Ferrari's stock has come under pressure in recent months as part of a broader sell-off in luxury goods, driven by concerns over weakening demand in China and higher interest rates globally. However, Morgan Stanley believes the sell-off has been excessive, noting that Ferrari's unique brand positioning and limited production volumes insulate it from the worst of the cyclical headwinds.
The upgrade comes as the FTSE 100 and European indices have experienced heightened volatility, with investors rotating out of growth and luxury stocks amid uncertainty over central bank policy. Ferrari, which is listed on the Milan stock exchange, is widely held by UK institutional investors and is a component of many European equity funds popular with British pension holders.

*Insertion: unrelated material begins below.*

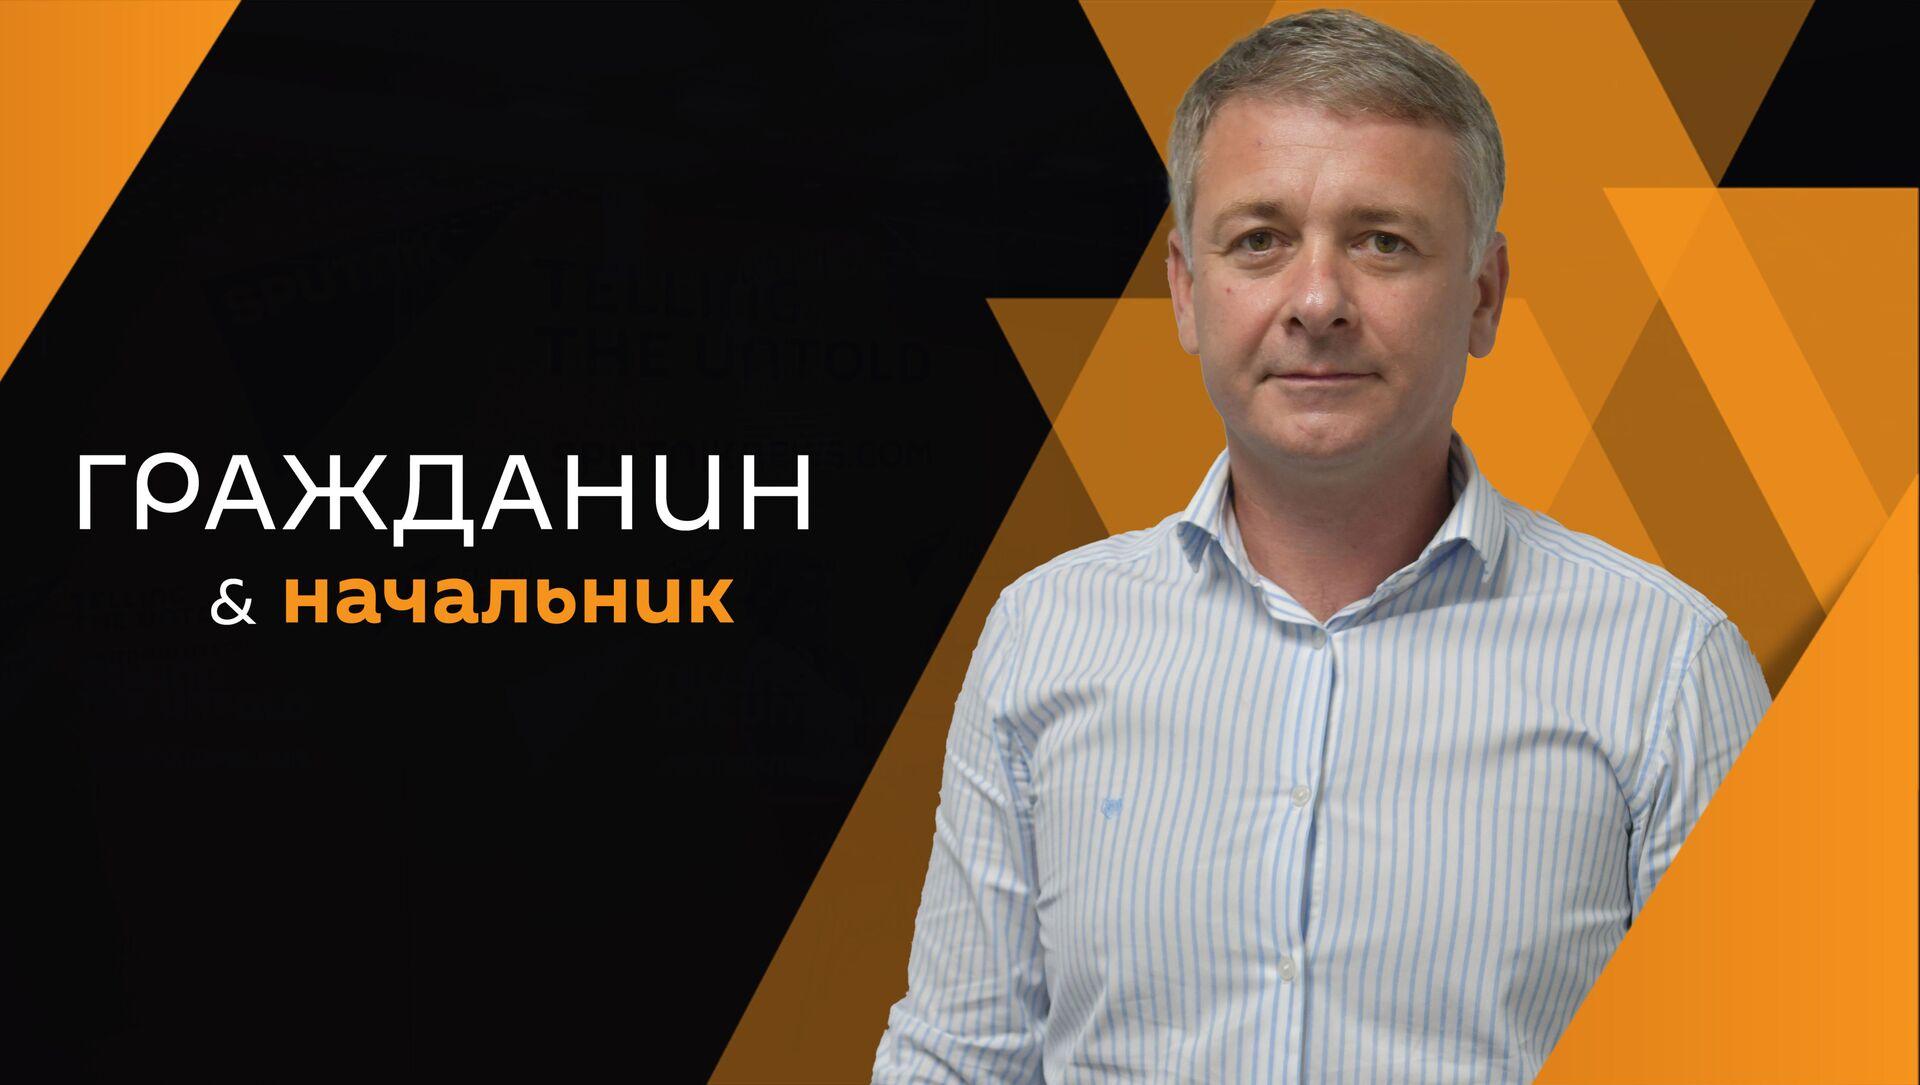 Дмитрий Хагуш - Sputnik Абхазия, 1920, 29.07.2021

Analysts at Morgan Stanley highlighted that Ferrari's forward price-to-earnings ratio has contracted by roughly 20 per cent from its peak, bringing it closer to historical averages. They described the current entry point as attractive for long-term investors, citing the company's strong pipeline of new models and its ability to maintain high pricing even in a softer economic environment.
The luxury sector has been under scrutiny this year, with rivals such as Aston Martin and Porsche also facing margin pressures. Nonetheless, Ferrari's order book reportedly extends well into 2025, providing revenue visibility that many competitors lack. Morgan Stanley's call suggests that the worst of the selling pressure may be behind the stock.
For UK investors, the upgrade serves as a reminder that selective opportunities exist even in turbulent markets. While Ferrari shares are not directly listed in London, they feature prominently in many global equity income and growth funds. Source: Morgan Stanley research note.